- What you need to do
Repeat all of the entries, please, keeping each line exact.
-------------------------
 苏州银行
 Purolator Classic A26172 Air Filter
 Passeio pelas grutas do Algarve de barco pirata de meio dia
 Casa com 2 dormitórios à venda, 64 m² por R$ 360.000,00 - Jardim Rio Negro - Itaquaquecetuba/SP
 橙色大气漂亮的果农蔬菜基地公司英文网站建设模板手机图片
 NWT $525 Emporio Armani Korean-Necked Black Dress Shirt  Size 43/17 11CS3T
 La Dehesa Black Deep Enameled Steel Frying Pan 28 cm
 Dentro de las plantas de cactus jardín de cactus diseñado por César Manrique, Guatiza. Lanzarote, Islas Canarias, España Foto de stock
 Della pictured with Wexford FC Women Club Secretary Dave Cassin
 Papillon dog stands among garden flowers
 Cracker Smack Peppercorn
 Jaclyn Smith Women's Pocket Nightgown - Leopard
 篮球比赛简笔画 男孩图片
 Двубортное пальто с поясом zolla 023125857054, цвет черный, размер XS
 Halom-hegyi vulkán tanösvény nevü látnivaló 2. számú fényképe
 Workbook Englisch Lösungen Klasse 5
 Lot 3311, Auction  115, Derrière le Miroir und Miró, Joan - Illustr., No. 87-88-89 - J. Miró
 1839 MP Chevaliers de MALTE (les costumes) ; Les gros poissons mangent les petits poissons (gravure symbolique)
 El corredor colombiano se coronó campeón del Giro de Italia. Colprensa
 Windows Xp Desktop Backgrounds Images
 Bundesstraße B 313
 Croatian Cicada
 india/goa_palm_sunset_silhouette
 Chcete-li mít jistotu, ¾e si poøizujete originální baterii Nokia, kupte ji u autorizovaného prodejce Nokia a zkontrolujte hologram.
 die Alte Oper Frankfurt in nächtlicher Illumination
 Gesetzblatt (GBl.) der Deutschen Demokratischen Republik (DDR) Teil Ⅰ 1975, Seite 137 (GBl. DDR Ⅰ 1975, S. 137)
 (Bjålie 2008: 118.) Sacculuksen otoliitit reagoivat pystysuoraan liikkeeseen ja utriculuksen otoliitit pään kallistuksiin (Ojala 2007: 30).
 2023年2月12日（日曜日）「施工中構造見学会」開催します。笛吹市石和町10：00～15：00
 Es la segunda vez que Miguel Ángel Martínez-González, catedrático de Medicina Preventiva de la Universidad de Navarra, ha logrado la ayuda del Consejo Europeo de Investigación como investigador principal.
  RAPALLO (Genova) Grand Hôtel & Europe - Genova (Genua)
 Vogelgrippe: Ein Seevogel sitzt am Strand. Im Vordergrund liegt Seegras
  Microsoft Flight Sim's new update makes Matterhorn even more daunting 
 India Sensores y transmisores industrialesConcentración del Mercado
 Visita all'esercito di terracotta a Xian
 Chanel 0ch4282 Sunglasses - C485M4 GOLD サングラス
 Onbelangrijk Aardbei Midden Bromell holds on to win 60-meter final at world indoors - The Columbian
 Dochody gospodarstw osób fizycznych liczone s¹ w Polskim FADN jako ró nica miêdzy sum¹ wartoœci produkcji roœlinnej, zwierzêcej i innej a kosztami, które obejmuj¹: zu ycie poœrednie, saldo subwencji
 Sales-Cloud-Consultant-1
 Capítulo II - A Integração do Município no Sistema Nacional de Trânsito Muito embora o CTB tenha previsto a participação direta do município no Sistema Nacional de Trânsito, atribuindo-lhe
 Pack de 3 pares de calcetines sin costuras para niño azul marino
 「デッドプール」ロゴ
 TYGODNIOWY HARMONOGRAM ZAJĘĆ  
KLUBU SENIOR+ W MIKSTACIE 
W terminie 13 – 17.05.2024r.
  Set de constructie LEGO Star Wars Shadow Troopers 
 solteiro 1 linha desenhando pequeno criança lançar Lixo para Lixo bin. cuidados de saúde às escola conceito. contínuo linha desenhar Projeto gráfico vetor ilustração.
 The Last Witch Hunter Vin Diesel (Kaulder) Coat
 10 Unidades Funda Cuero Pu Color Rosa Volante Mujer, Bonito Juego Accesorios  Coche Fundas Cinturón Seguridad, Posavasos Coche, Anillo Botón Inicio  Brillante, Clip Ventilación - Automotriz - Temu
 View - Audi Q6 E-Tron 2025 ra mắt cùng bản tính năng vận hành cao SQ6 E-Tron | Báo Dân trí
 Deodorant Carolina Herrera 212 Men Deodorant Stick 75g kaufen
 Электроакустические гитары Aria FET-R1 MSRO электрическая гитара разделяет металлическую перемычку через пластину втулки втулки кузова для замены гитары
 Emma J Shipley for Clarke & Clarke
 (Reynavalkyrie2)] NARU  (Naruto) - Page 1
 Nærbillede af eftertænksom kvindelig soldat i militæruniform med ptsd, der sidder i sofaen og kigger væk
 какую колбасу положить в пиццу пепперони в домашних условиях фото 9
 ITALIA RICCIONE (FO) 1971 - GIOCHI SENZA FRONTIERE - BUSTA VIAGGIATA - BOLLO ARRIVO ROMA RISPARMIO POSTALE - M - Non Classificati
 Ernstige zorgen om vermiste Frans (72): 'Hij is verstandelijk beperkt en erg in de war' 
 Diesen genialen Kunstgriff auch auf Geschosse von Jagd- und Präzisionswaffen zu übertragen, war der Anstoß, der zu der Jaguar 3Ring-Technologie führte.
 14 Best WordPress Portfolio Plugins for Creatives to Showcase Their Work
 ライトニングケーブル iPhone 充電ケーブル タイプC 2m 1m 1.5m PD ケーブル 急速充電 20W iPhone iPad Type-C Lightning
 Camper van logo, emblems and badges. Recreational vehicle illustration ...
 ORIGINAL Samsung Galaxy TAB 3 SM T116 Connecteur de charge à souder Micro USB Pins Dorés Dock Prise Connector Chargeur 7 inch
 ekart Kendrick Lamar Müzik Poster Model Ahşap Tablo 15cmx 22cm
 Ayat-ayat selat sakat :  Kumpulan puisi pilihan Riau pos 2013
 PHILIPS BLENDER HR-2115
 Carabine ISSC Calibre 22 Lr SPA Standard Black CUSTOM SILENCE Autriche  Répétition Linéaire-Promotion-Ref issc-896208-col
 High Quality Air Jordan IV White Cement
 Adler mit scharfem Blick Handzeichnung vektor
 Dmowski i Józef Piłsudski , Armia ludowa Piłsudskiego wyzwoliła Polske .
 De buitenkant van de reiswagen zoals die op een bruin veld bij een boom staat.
-------------------------
- Solution for this problem
 苏州银行
 Purolator Classic A26172 Air Filter
 Passeio pelas grutas do Algarve de barco pirata de meio dia
 Casa com 2 dormitórios à venda, 64 m² por R$ 360.000,00 - Jardim Rio Negro - Itaquaquecetuba/SP
 橙色大气漂亮的果农蔬菜基地公司英文网站建设模板手机图片
 NWT $525 Emporio Armani Korean-Necked Black Dress Shirt  Size 43/17 11CS3T
 La Dehesa Black Deep Enameled Steel Frying Pan 28 cm
 Dentro de las plantas de cactus jardín de cactus diseñado por César Manrique, Guatiza. Lanzarote, Islas Canarias, España Foto de stock
 Della pictured with Wexford FC Women Club Secretary Dave Cassin
 Papillon dog stands among garden flowers
 Cracker Smack Peppercorn
 Jaclyn Smith Women's Pocket Nightgown - Leopard
 篮球比赛简笔画 男孩图片
 Двубортное пальто с поясом zolla 023125857054, цвет черный, размер XS
 Halom-hegyi vulkán tanösvény nevü látnivaló 2. számú fényképe
 Workbook Englisch Lösungen Klasse 5
 Lot 3311, Auction  115, Derrière le Miroir und Miró, Joan - Illustr., No. 87-88-89 - J. Miró
 1839 MP Chevaliers de MALTE (les costumes) ; Les gros poissons mangent les petits poissons (gravure symbolique)
 El corredor colombiano se coronó campeón del Giro de Italia. Colprensa
 Windows Xp Desktop Backgrounds Images
 Bundesstraße B 313
 Croatian Cicada
 india/goa_palm_sunset_silhouette
 Chcete-li mít jistotu, ¾e si poøizujete originální baterii Nokia, kupte ji u autorizovaného prodejce Nokia a zkontrolujte hologram.
 die Alte Oper Frankfurt in nächtlicher Illumination
 Gesetzblatt (GBl.) der Deutschen Demokratischen Republik (DDR) Teil Ⅰ 1975, Seite 137 (GBl. DDR Ⅰ 1975, S. 137)
 (Bjålie 2008: 118.) Sacculuksen otoliitit reagoivat pystysuoraan liikkeeseen ja utriculuksen otoliitit pään kallistuksiin (Ojala 2007: 30).
 2023年2月12日（日曜日）「施工中構造見学会」開催します。笛吹市石和町10：00～15：00
 Es la segunda vez que Miguel Ángel Martínez-González, catedrático de Medicina Preventiva de la Universidad de Navarra, ha logrado la ayuda del Consejo Europeo de Investigación como investigador principal.
  RAPALLO (Genova) Grand Hôtel & Europe - Genova (Genua)
 Vogelgrippe: Ein Seevogel sitzt am Strand. Im Vordergrund liegt Seegras
  Microsoft Flight Sim's new update makes Matterhorn even more daunting 
 India Sensores y transmisores industrialesConcentración del Mercado
 Visita all'esercito di terracotta a Xian
 Chanel 0ch4282 Sunglasses - C485M4 GOLD サングラス
 Onbelangrijk Aardbei Midden Bromell holds on to win 60-meter final at world indoors - The Columbian
 Dochody gospodarstw osób fizycznych liczone s¹ w Polskim FADN jako ró nica miêdzy sum¹ wartoœci produkcji roœlinnej, zwierzêcej i innej a kosztami, które obejmuj¹: zu ycie poœrednie, saldo subwencji
 Sales-Cloud-Consultant-1
 Capítulo II - A Integração do Município no Sistema Nacional de Trânsito Muito embora o CTB tenha previsto a participação direta do município no Sistema Nacional de Trânsito, atribuindo-lhe
 Pack de 3 pares de calcetines sin costuras para niño azul marino
 「デッドプール」ロゴ
 TYGODNIOWY HARMONOGRAM ZAJĘĆ  
KLUBU SENIOR+ W MIKSTACIE 
W terminie 13 – 17.05.2024r.
  Set de constructie LEGO Star Wars Shadow Troopers 
 solteiro 1 linha desenhando pequeno criança lançar Lixo para Lixo bin. cuidados de saúde às escola conceito. contínuo linha desenhar Projeto gráfico vetor ilustração.
 The Last Witch Hunter Vin Diesel (Kaulder) Coat
 10 Unidades Funda Cuero Pu Color Rosa Volante Mujer, Bonito Juego Accesorios  Coche Fundas Cinturón Seguridad, Posavasos Coche, Anillo Botón Inicio  Brillante, Clip Ventilación - Automotriz - Temu
 View - Audi Q6 E-Tron 2025 ra mắt cùng bản tính năng vận hành cao SQ6 E-Tron | Báo Dân trí
 Deodorant Carolina Herrera 212 Men Deodorant Stick 75g kaufen
 Электроакустические гитары Aria FET-R1 MSRO электрическая гитара разделяет металлическую перемычку через пластину втулки втулки кузова для замены гитары
 Emma J Shipley for Clarke & Clarke
 (Reynavalkyrie2)] NARU  (Naruto) - Page 1
 Nærbillede af eftertænksom kvindelig soldat i militæruniform med ptsd, der sidder i sofaen og kigger væk
 какую колбасу положить в пиццу пепперони в домашних условиях фото 9
 ITALIA RICCIONE (FO) 1971 - GIOCHI SENZA FRONTIERE - BUSTA VIAGGIATA - BOLLO ARRIVO ROMA RISPARMIO POSTALE - M - Non Classificati
 Ernstige zorgen om vermiste Frans (72): 'Hij is verstandelijk beperkt en erg in de war' 
 Diesen genialen Kunstgriff auch auf Geschosse von Jagd- und Präzisionswaffen zu übertragen, war der Anstoß, der zu der Jaguar 3Ring-Technologie führte.
 14 Best WordPress Portfolio Plugins for Creatives to Showcase Their Work
 ライトニングケーブル iPhone 充電ケーブル タイプC 2m 1m 1.5m PD ケーブル 急速充電 20W iPhone iPad Type-C Lightning
 Camper van logo, emblems and badges. Recreational vehicle illustration ...
 ORIGINAL Samsung Galaxy TAB 3 SM T116 Connecteur de charge à souder Micro USB Pins Dorés Dock Prise Connector Chargeur 7 inch
 ekart Kendrick Lamar Müzik Poster Model Ahşap Tablo 15cmx 22cm
 Ayat-ayat selat sakat :  Kumpulan puisi pilihan Riau pos 2013
 PHILIPS BLENDER HR-2115
 Carabine ISSC Calibre 22 Lr SPA Standard Black CUSTOM SILENCE Autriche  Répétition Linéaire-Promotion-Ref issc-896208-col
 High Quality Air Jordan IV White Cement
 Adler mit scharfem Blick Handzeichnung vektor
 Dmowski i Józef Piłsudski , Armia ludowa Piłsudskiego wyzwoliła Polske .
 De buitenkant van de reiswagen zoals die op een bruin veld bij een boom staat.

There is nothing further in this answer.